Provided material:
>>>

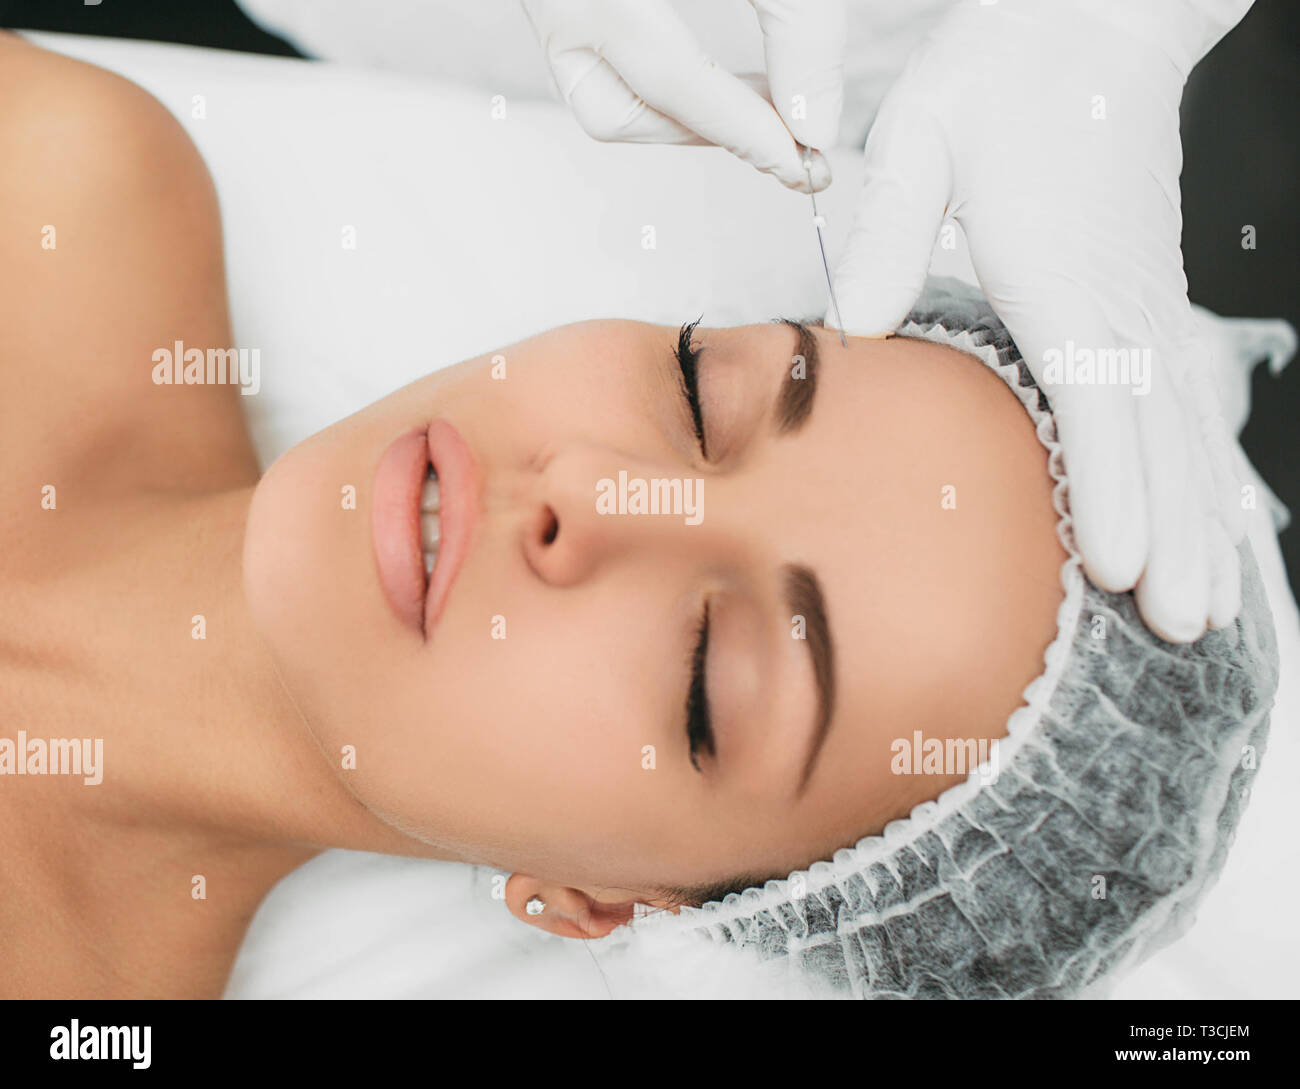 Kosmetikerin installiert Die mesothreads in das Gesicht der Frau. Anti-aging kosmetische Verfahren Stockfoto
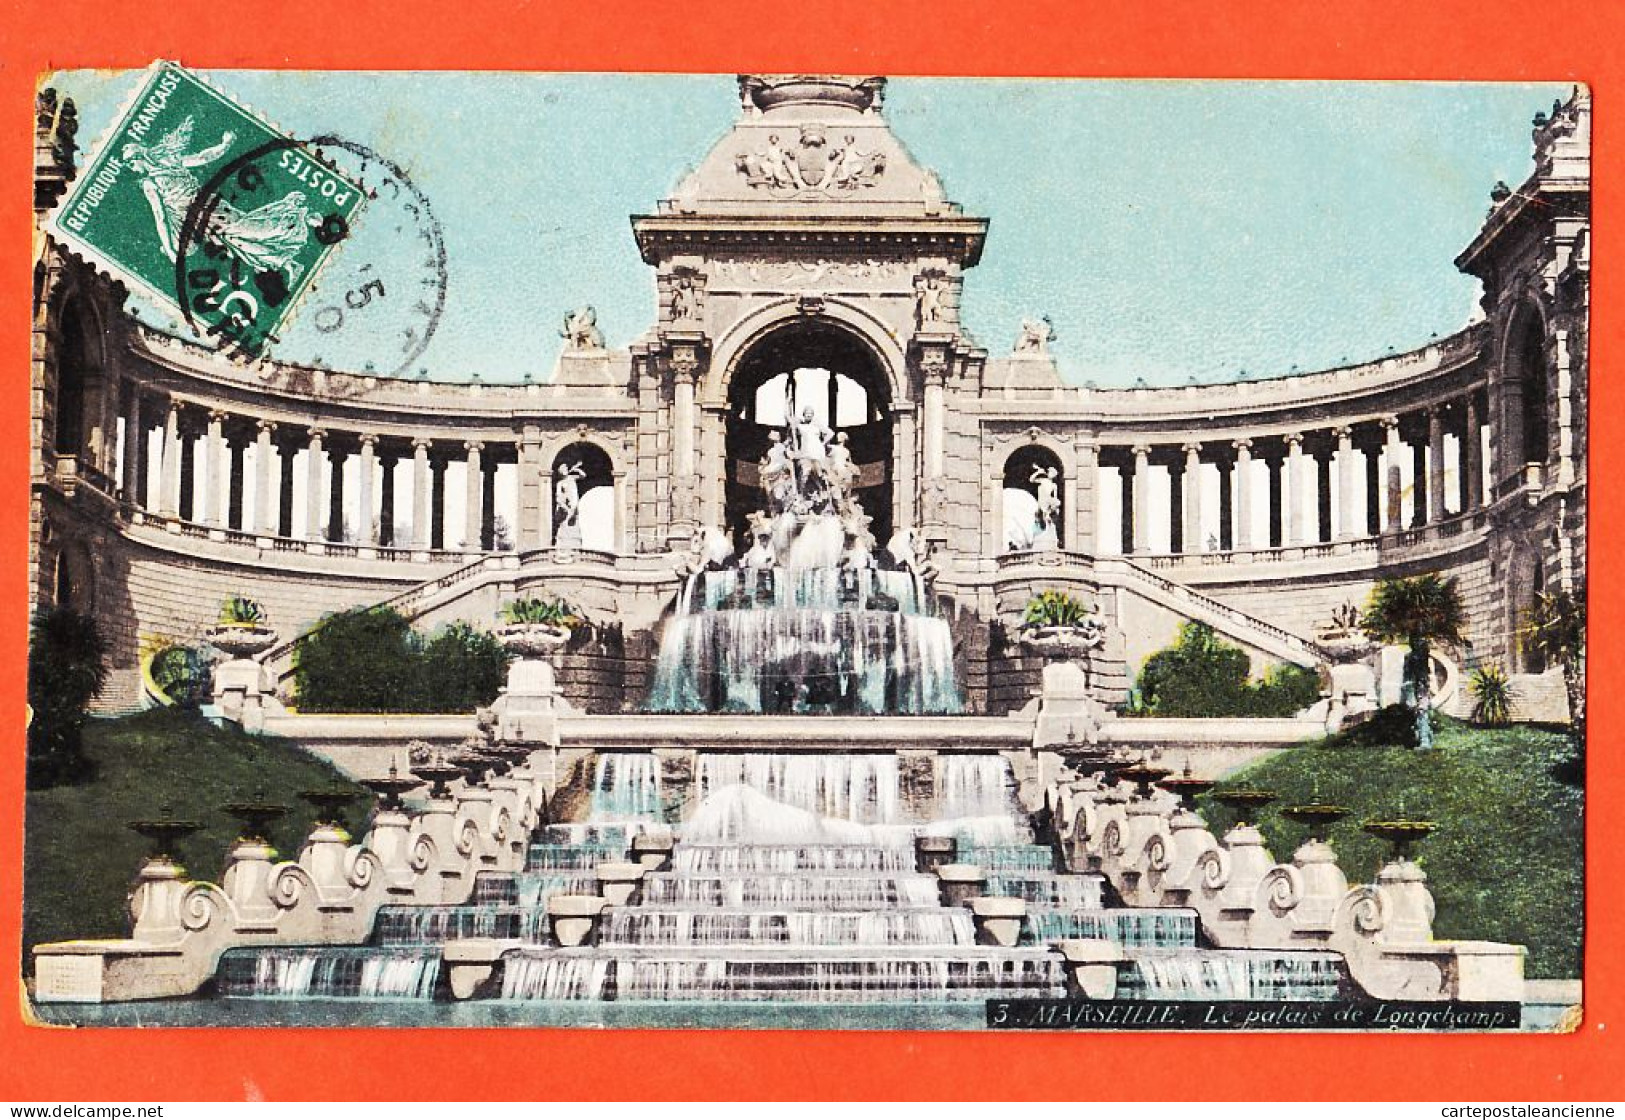 35018 / Aqua-Photo LEOPOLD VERGER 3 MARSEILLE (13) Palais LONGCHAMP 1909 à Honoré VILAREM Caporal 143e Inf - The Canebière, City Centre
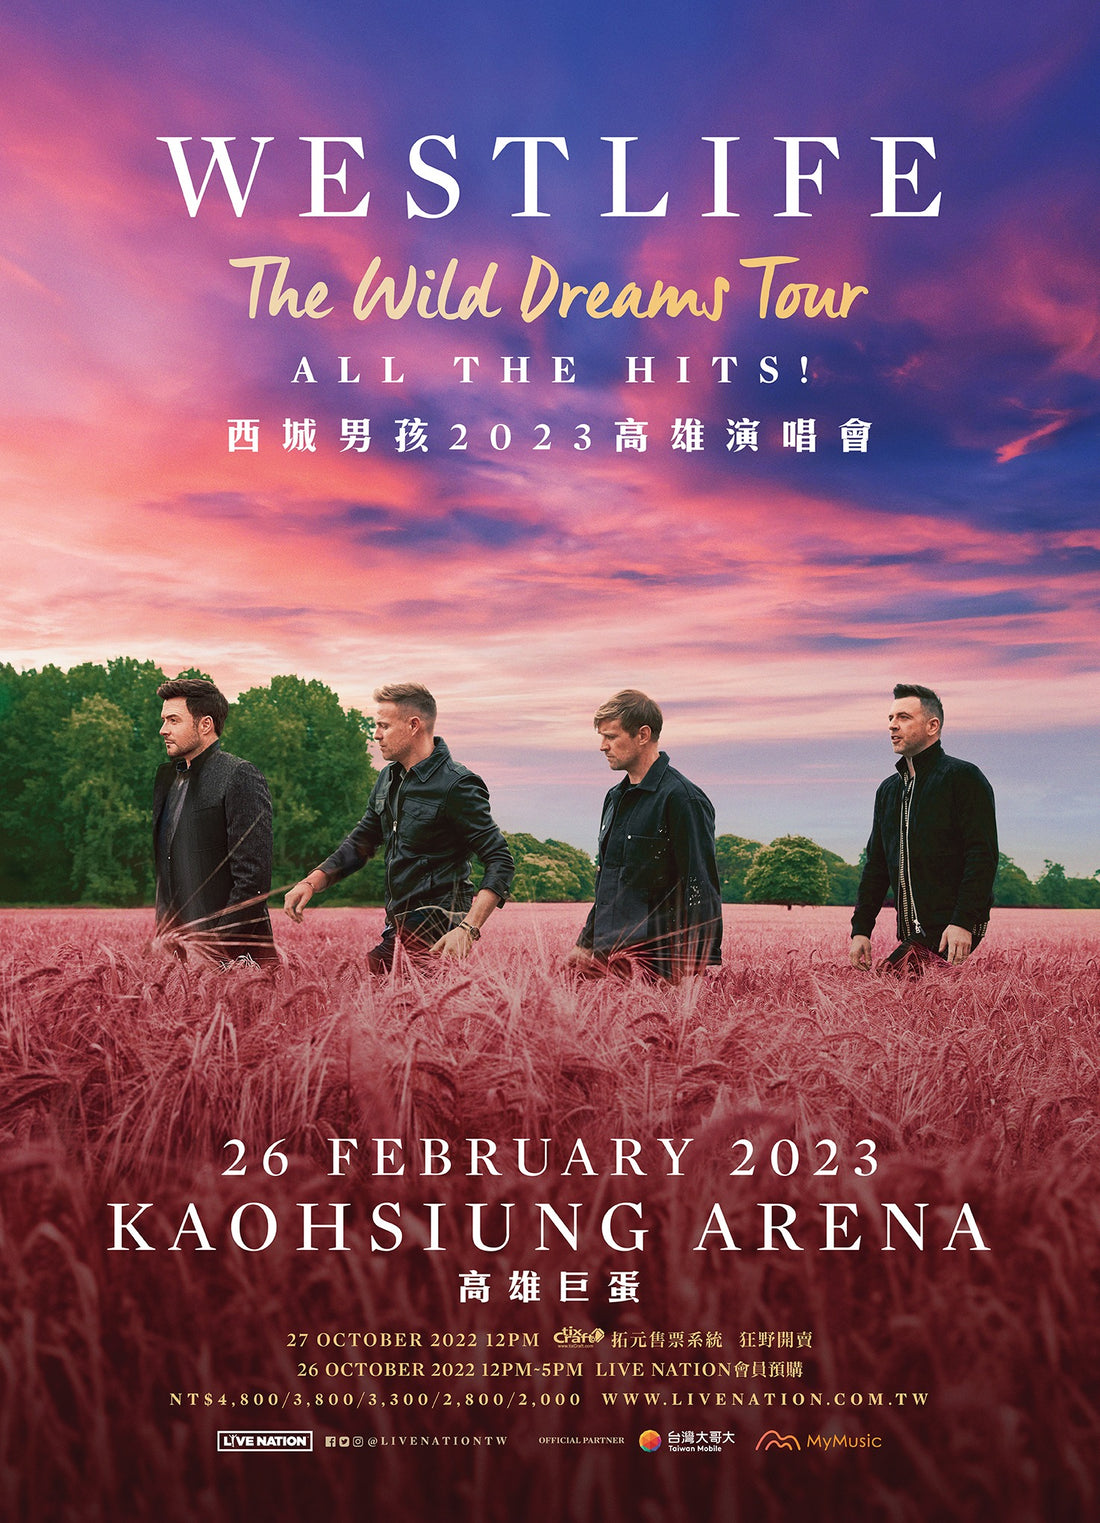 WESTLIFE THE WILD DREAMS TOUR 西城男孩2023高雄演唱會

<<<

Try it: Where a picture appears in the data, omit it; restate the rest word for word.

Result:
 Kosmetikerin installiert Die mesothreads in das Gesicht der Frau. Anti-aging kosmetische Verfahren Stockfoto
 35018 / Aqua-Photo LEOPOLD VERGER 3 MARSEILLE (13) Palais LONGCHAMP 1909 à Honoré VILAREM Caporal 143e Inf - The Canebière, City Centre
 WESTLIFE THE WILD DREAMS TOUR 西城男孩2023高雄演唱會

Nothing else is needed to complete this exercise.